Less than a mile to the east of Stanwick was Carlton Hall, where the late Pat Anderson discovered an icehouse beside the Aldbrough Beck about 15 years ago. In the 18th Century, Carlton Hall was the home of the Pulleine family in the 18th Century, but was it rebuilt by Richmond MP Samuel Barrett Moulton Barrett after he arrived in June 1814. He was the uncle of Elizabeth Barrett Browning, and he owned 1,100 slaves in Jamaica – but he was a more enlightened slaveowner, abolishing the whip and building houses, schools and churches for them.

He died on Cinnamon Hill in Jamaica in 1837, near Montego Bay, where he had a home. Much of his home in Carlton was demolished in 1919, but the icehouse survived.

Just about.

Pat reported in 2005 that “it has a handsome little portico and passageway but it is slowly being strangled by ivy and an enormous sycamore”. Let’s hope it survives.

ANY info, thoughts or photographs concerning any icehouses is very welcome. Please email

How was the ice in the icehouse used?

The ice itself was not consumed, unsurprisingly given its likely contamination in the underground chamber, but its coldness was, as this recipe for raspberry ice cream shows. It comes from a book published in Newcastle in 1772 entitled The Complete House-Keeper and Professed Cook Calculated for the Greater Ease and Assistance of Ladies, House-Keepers, Cooks &c, &c. It was written by Mary Smith, the housekeeper to Sir William Blackett at Wallington Hall, near Morpeth.

She urges cooks not to allow the ice to get into the ice cream, but she quite happily advises them to let the ice cream set in lead moulds. Please do not try this at home.

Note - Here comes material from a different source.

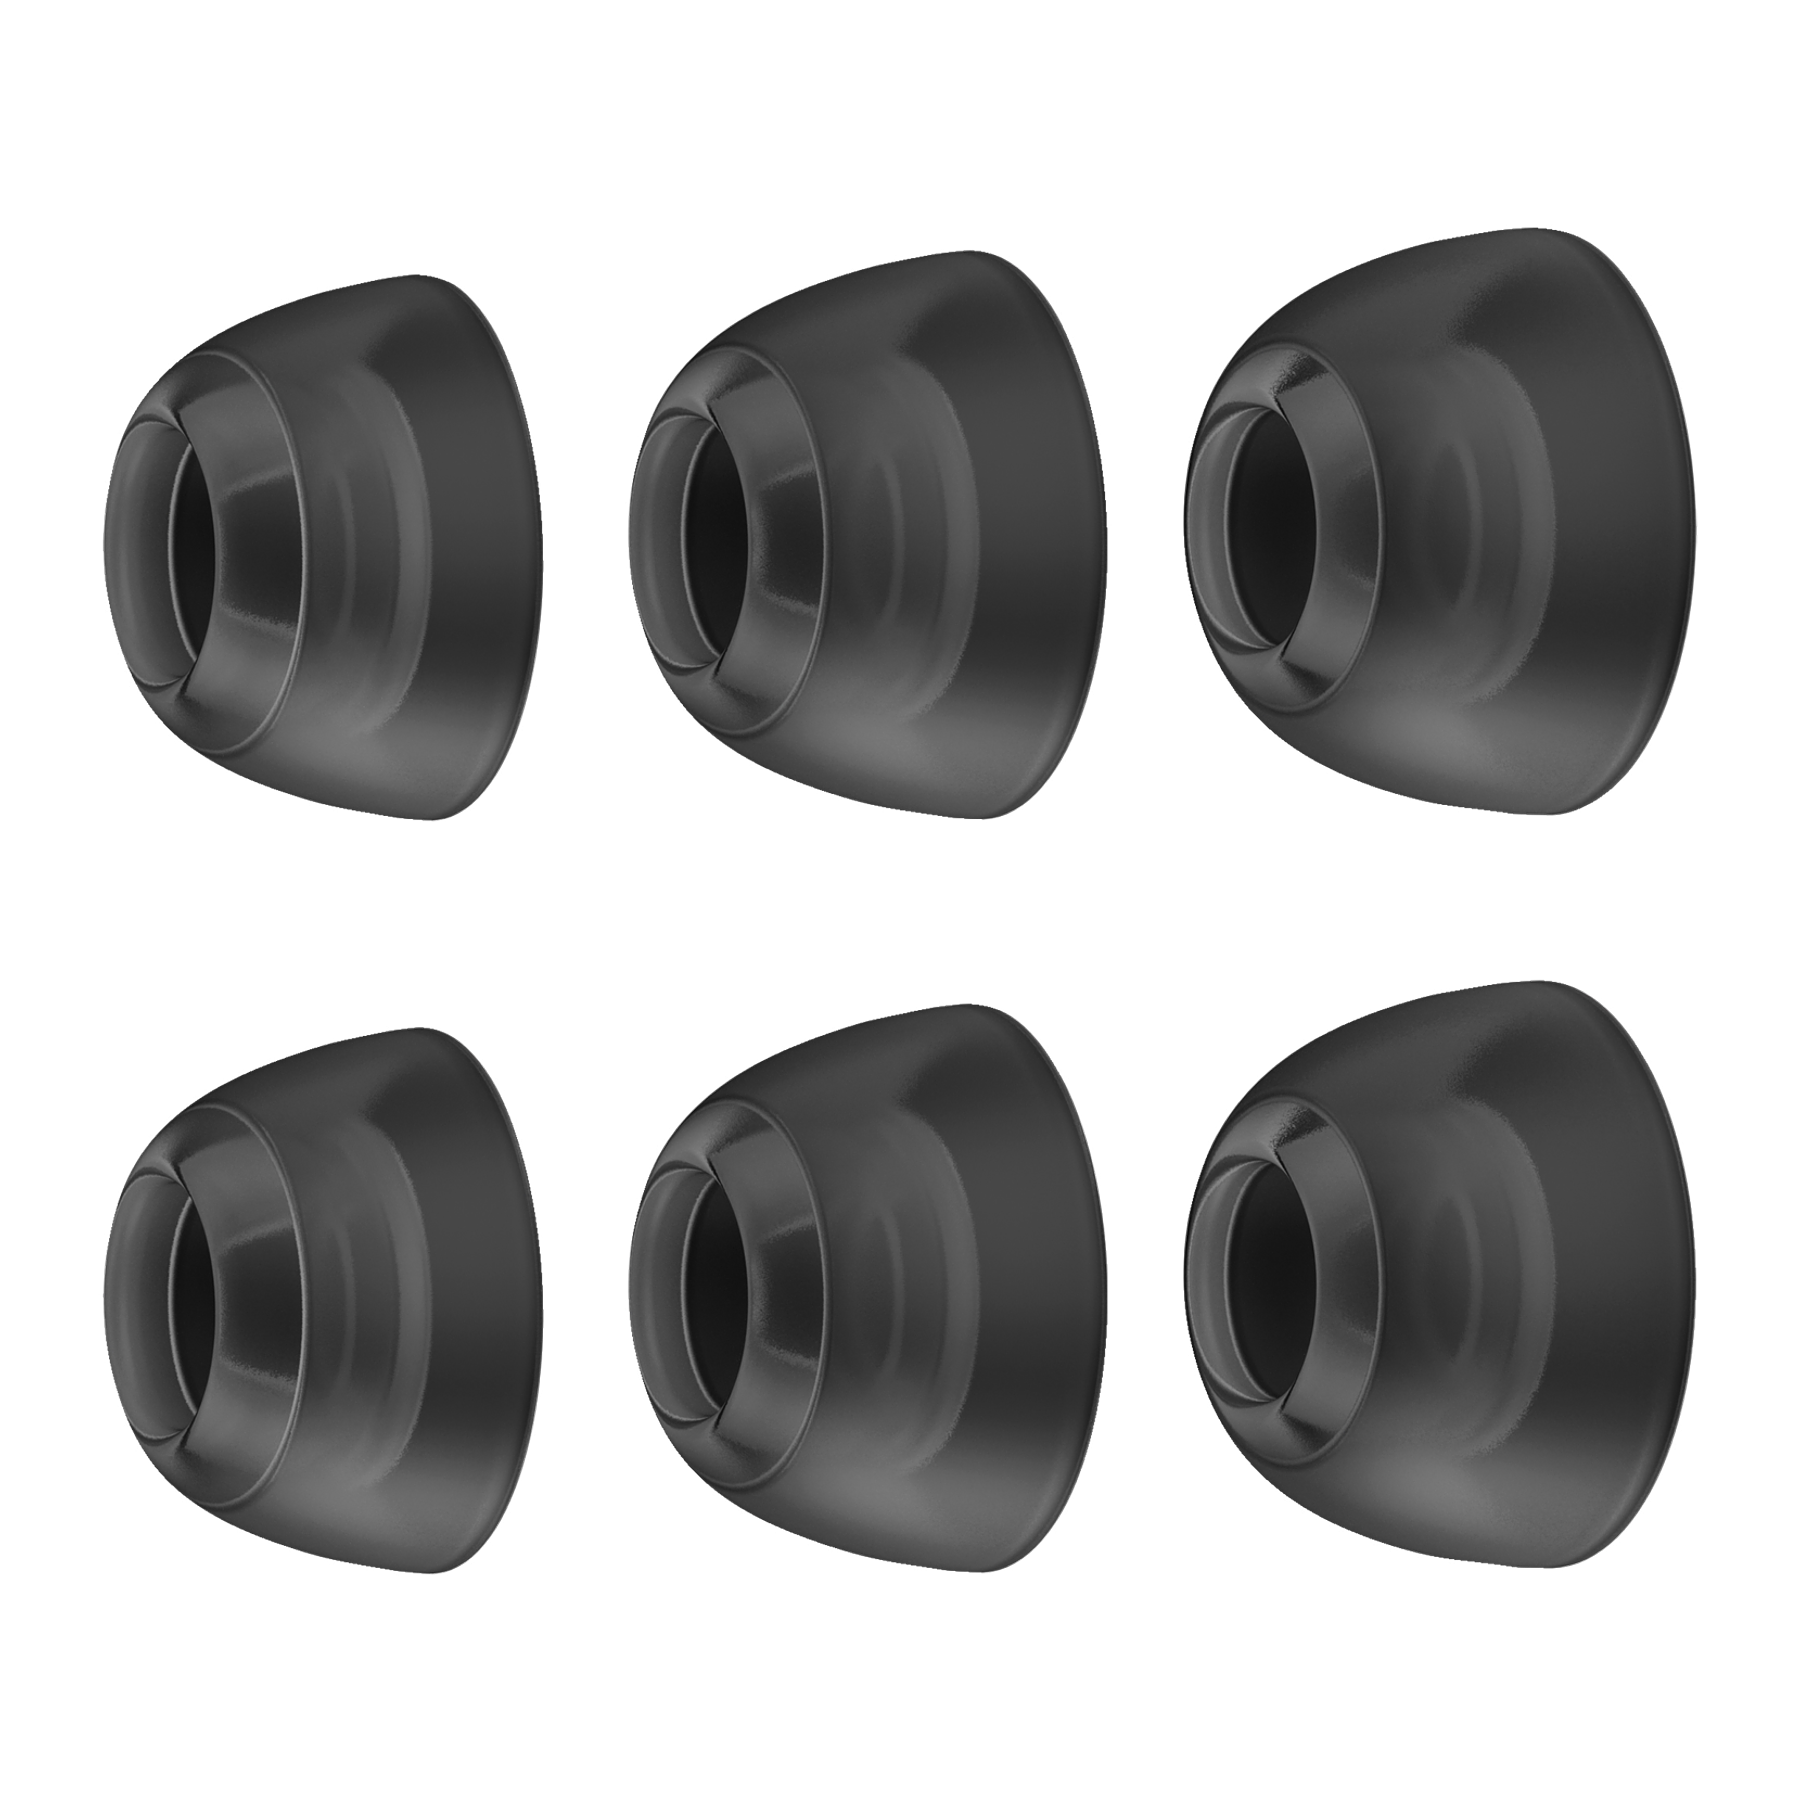 HyperX Cirro Buds Pro Audífonos Inalámbricos Color Negro

  • Mix half a pound of rasp jam in a pint of thick cream, add to it half a teaspoonful of prepared cochineal to give it a fine colour
  • Strain it through a sieve to take out the seeds, and put it into a tin or lead mould that has a close cover and will hold two quarts, which is generally called an icewell
  • Then put it into a pail of broken ice, with a good deal of salt in it. Work the mould round for half an hour, and keep the ice close to the sides of it
  • Take off the cover, and take great care that you do not let any of the salt or ice get into it, or it will spoil the cream. Stir it from the edges of the mould, and do so till all the cream is frozen up
  • Then put it into a fluted lead mould that will hold a pint, put a piece of paper over it, put the cover close on, set it in the middle of a pail, with ice and salt under and over it, and let it stand among the ice for two or three hours, to grow stiff. When you want it, dip the moulds in cold water, turn it out on a plate, and serve it up with desert after dinner.